Abhinav Baid wrote:
>
> On 06/10/2015 03:10 AM, Waldek Hebisch wrote:
> > Abhinav Baid wrote:
> >> On 06/08/2015 03:26 AM, Waldek Hebisch wrote:
> >>> Abhinav Baid wrote:
> >> I've changed the file according to the remarks above [1]. I thought I'd
> >> clarify a few points:
> >>
> >> 1. I was using nm_mult and nm_block to actually try to optimize the
> >> computation of the error term, but it seems that I messed up somewhere.
> >> So, for the time being, I've removed those 2 functions.
> >> 2. The current arguments to lift_newton are clear enough except
> >> probably, the last one : n_l. This is used to specify the number of
> >> lifts to be performed.
> > Yes.
> >> 3. The current lift_newton function returns a pair of operators that
> >> have been computed by lifting n_l times. So, a stream can also be
> >> generated if required by doing [lift_newton(..., n_l) for n_l in 1..]
> > For generating stream this is inconvenient.
> >
> >> 4. Concerning coefs_operator and coefs_operator1: initially,
> >> coefs_operator performed what nm_block was supposed to according to your
> >> description and coefs_operator1 corresponded to coefs_operator. But now,
> >> I've changed the functionality of coefs_operator according to your
> >> description and coefs_poly to correspond to nm_block. I've also added
> >> the 2 tests you suggested.
> >> 5. Also, I've renamed some of the variables and pass k to factor_newton2
> >> now.
> > OK.
> >
> >> My query now is : How do I select the number of lifts so that I can
> >> return the pair of operators from factor_newton2?
> > Number of lifts may be essentially arbitrary, so lifting
> > should be done in lazy way (on demand). For this you will
> > need incremental version of lift_newton. That is on demand
> > perform one iteration producing l_extra, r_extra (main result)
> > plus new li, ri, ei (needed for next iteration).
> >
> > You will need a pipeline:
> >
> > stream of [l_extra, r_extra] --> list of streams of coefficients
> > --> list of Laurent series --> operator
> >
> > The last two stages of that pipeline are not difficult. To
> > get from stream of [l_extra, r_extra] stream of coefficients
> > you first need to extrat from l_extra and r_extra the
> > nonzero coefficients (this is the same operation as used
> > in lift_newton). You will get coefficients in funny order
> > (in order of increasing valuation) so it will take some
> > care to extract correct ones.
> Okay. So, the lift_newton function should return l_extra, r_extra, li,
> ri and ei using which a stream is generated in factor_newton2 which also
> calls other routines according to the pipeline. Is that right?

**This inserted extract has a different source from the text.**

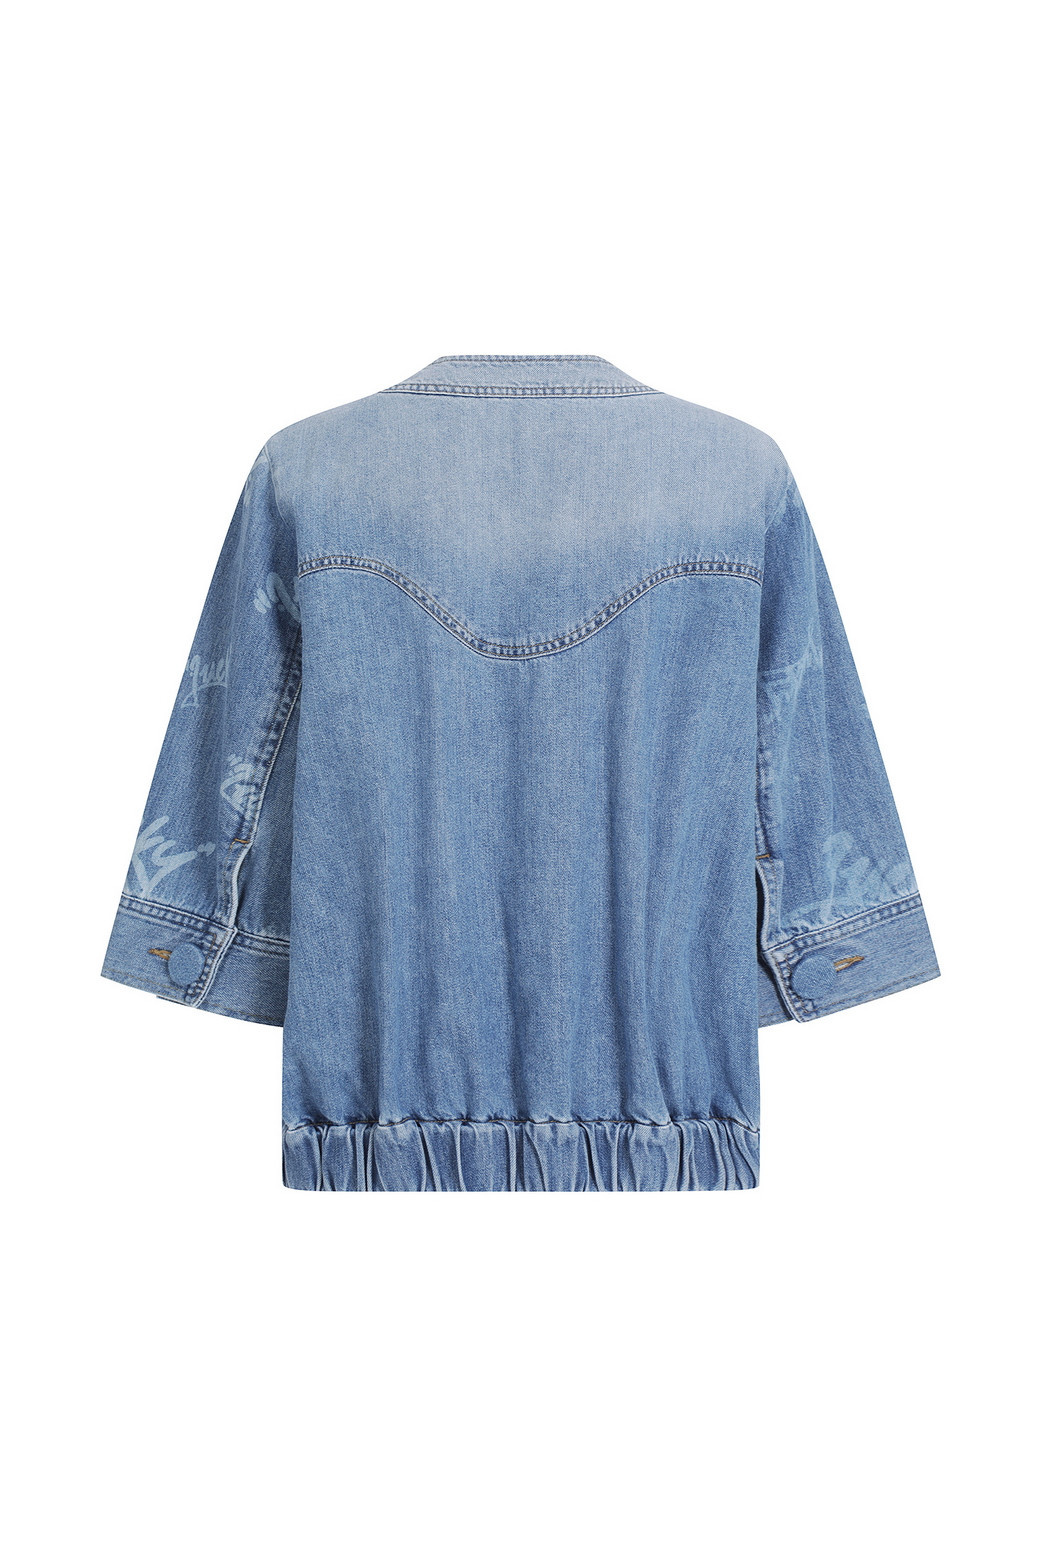 Fordocks' denim jacket, Blue Magnolia Elephants design – Luchie

Yes. More precisely, you will need a wrapper function to
generate stream of l_extra, r_extra. Other parts of
the pipeline should be doable via calls so stanndard
stream/series functions.
> There was a mistake in how I initialized start_D in both coefs_poly and
> coefs_operator. I've resolved that issue now.
I will look at the code.
--
Waldek Hebisch
[email protected]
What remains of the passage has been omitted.